### Task requirements
Copy the data verbatim and leave out every picture.

### Collected data
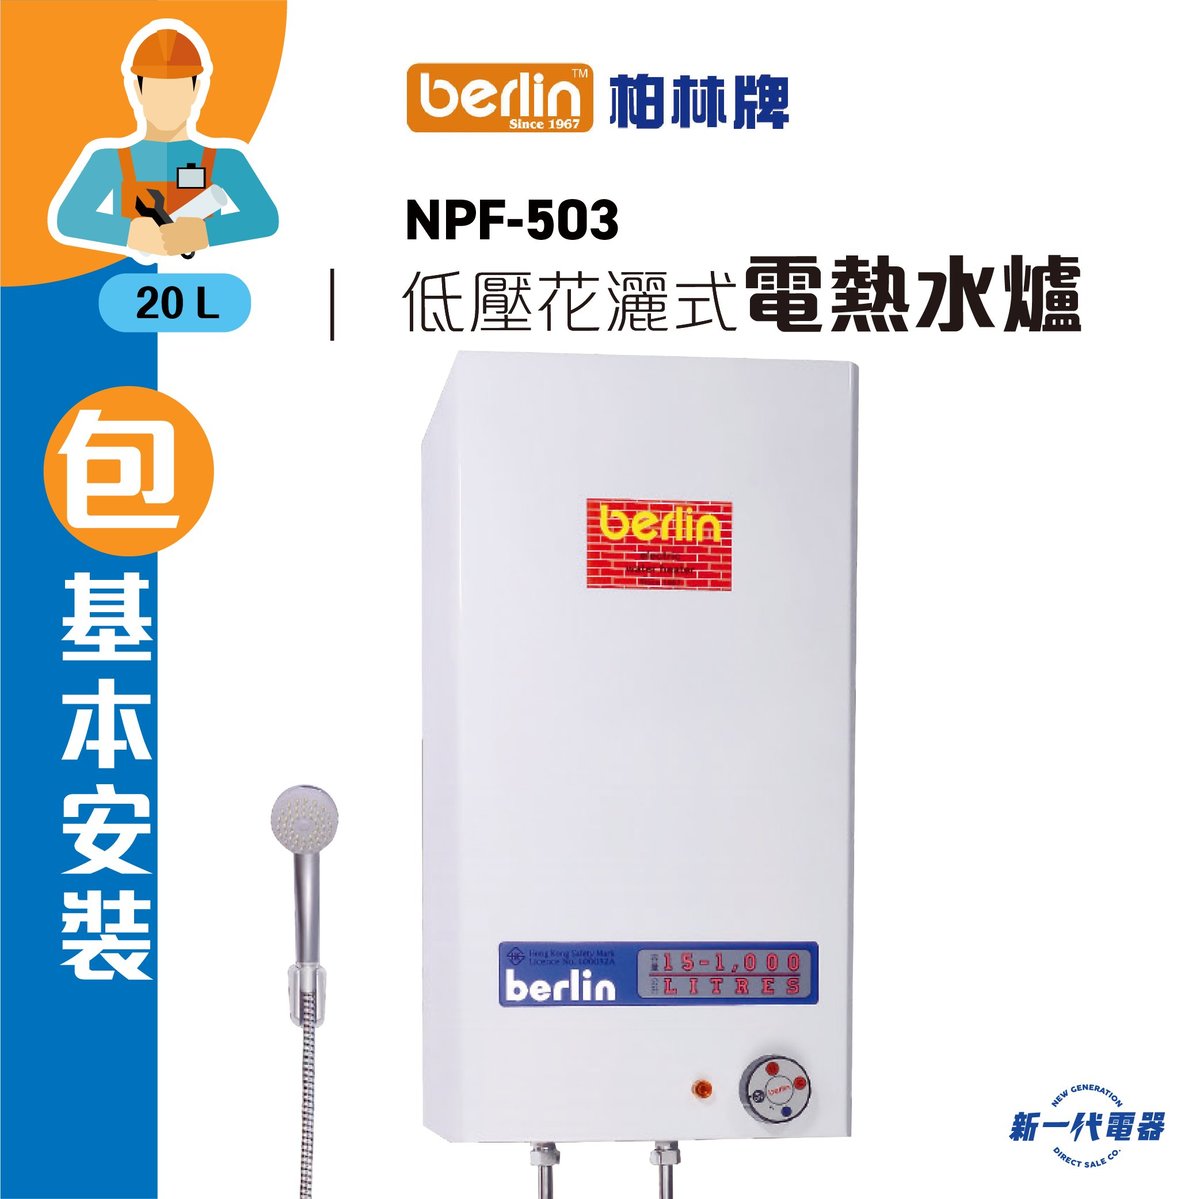 NPF503 (連基本安裝) -20公升 低壓花灑式 儲水電熱水爐 ( NPF-503)
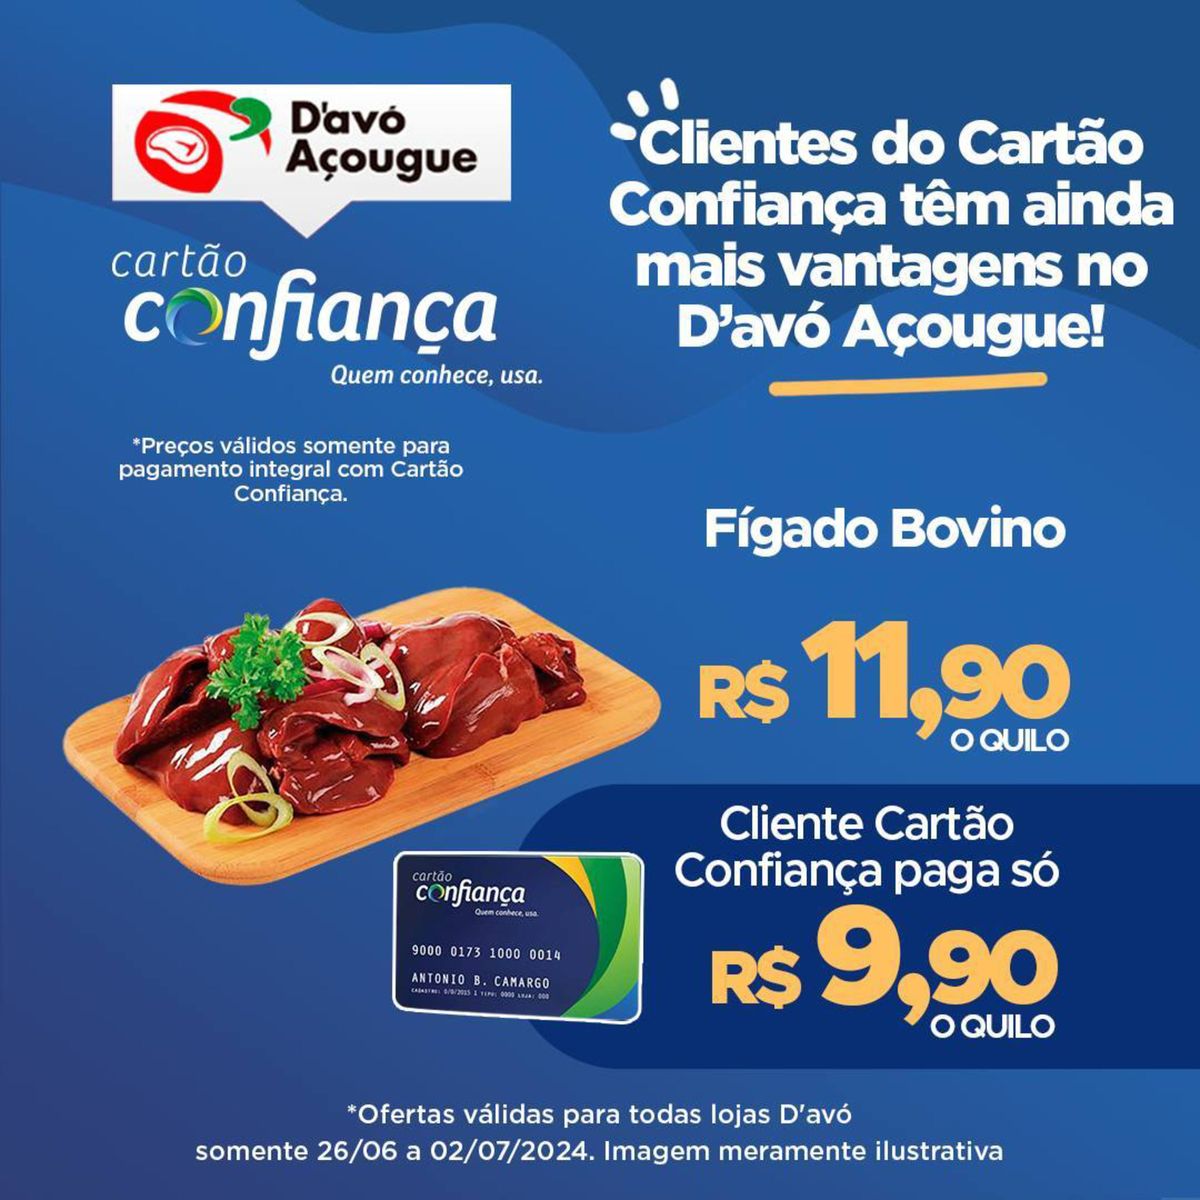 Ofertas para os Clientes do Cartão Confiança: Fígado Bovino por R$11,90 o quilo
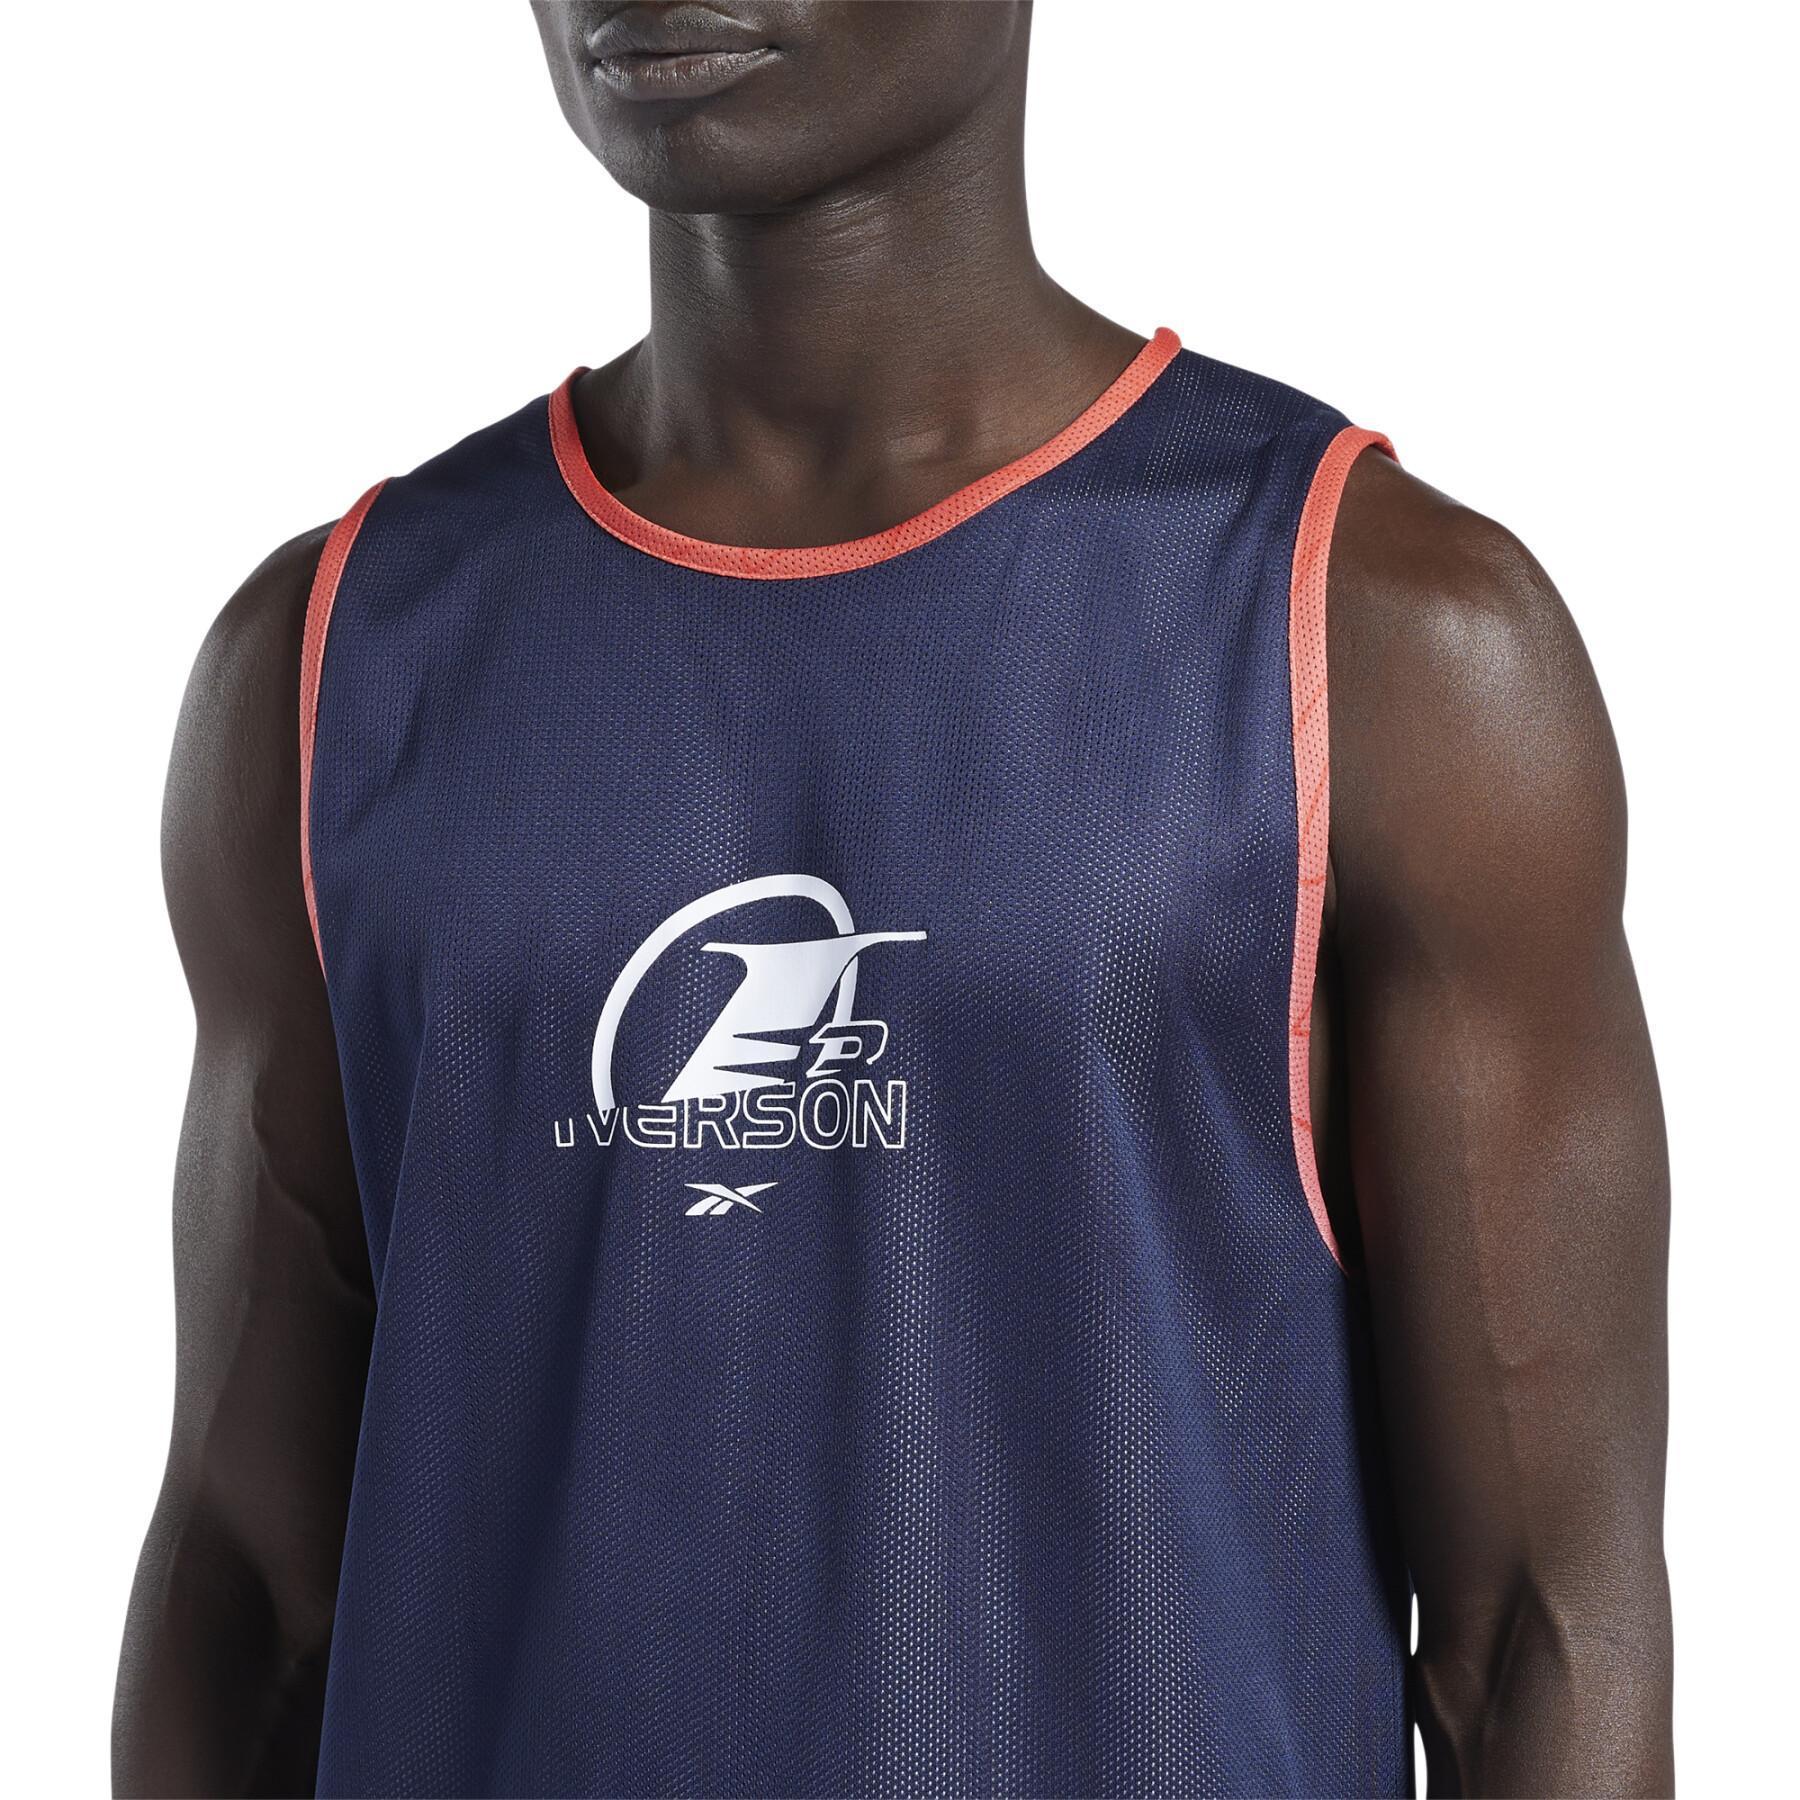 Camiseta de tirantes Reebok Iverson Basketball
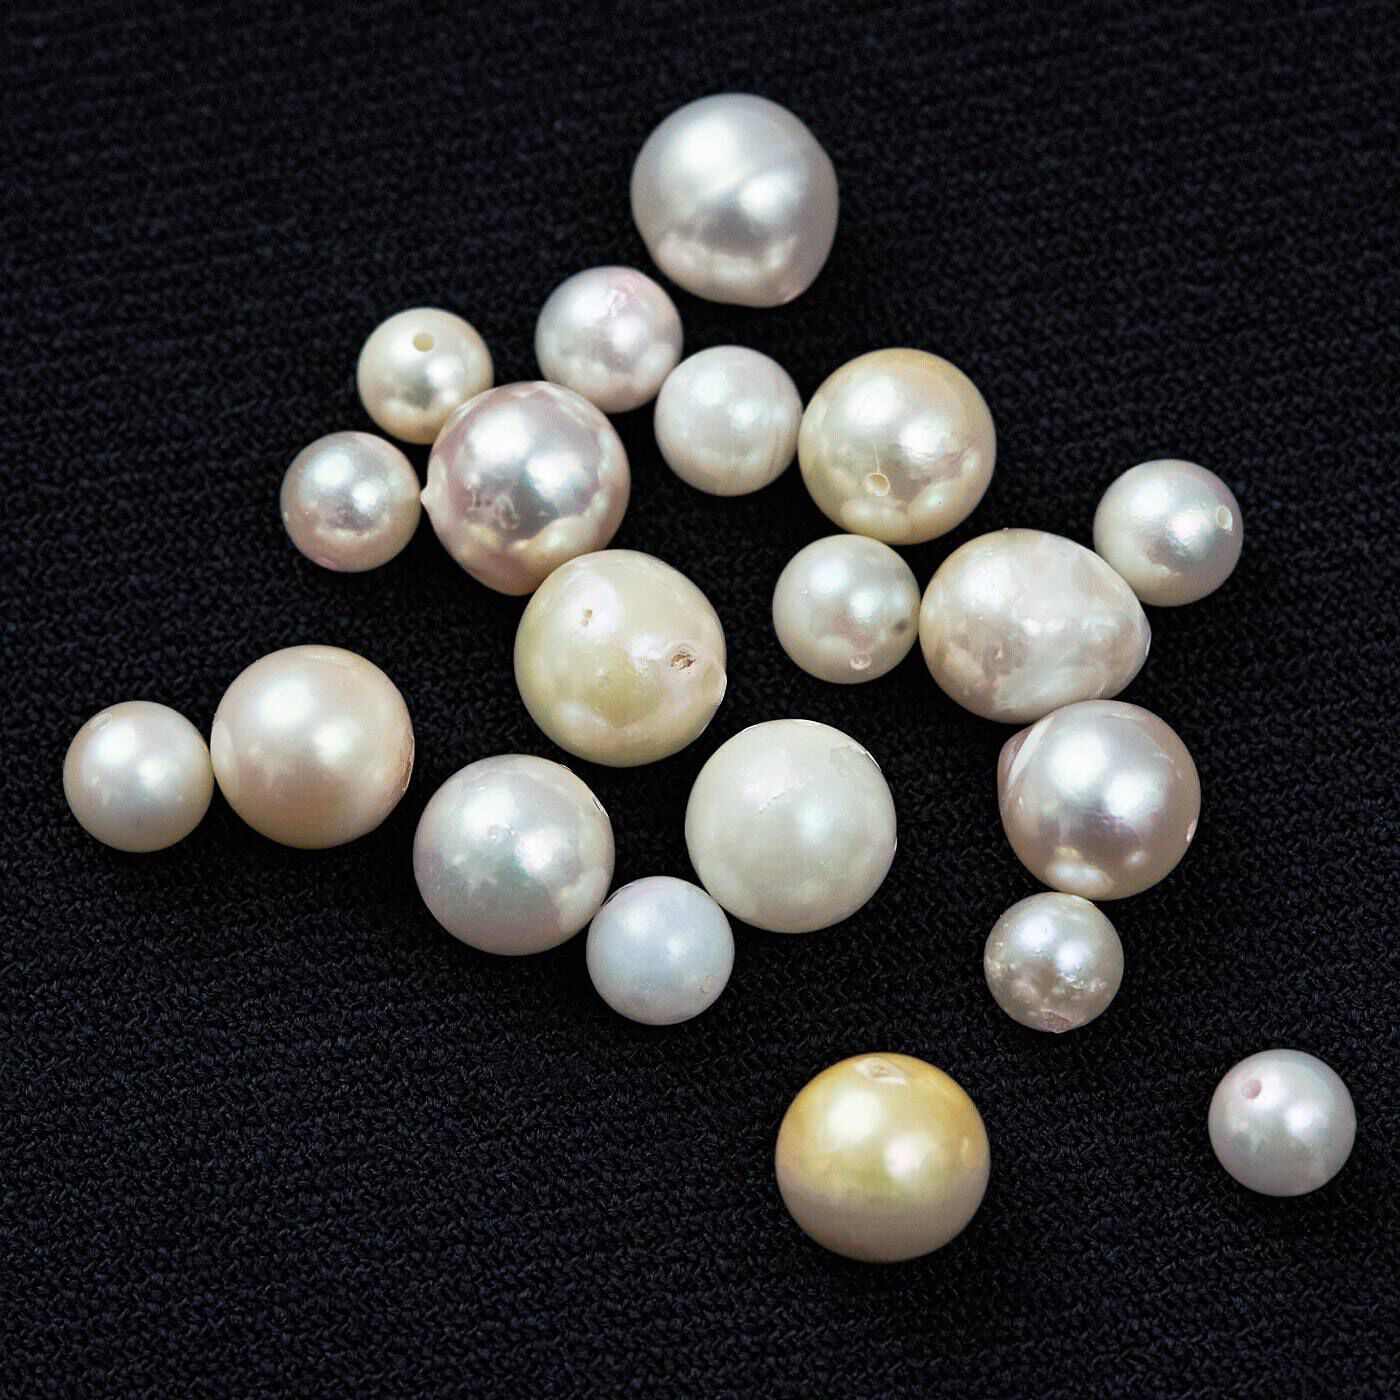 Real Stock|el:ment　工房に眠っていたアコヤバロック真珠の　長さを調節できる22金メッキネックレス|ひと粒ごとに異なる色や形を、お楽しみください。

### Solution
 NPF503 (連基本安裝) -20公升 低壓花灑式 儲水電熱水爐 ( NPF-503)
 Ofertas para os Clientes do Cartão Confiança: Fígado Bovino por R$11,90 o quilo
 Camiseta de tirantes Reebok Iverson Basketball
 Real Stock|el:ment　工房に眠っていたアコヤバロック真珠の　長さを調節できる22金メッキネックレス|ひと粒ごとに異なる色や形を、お楽しみください。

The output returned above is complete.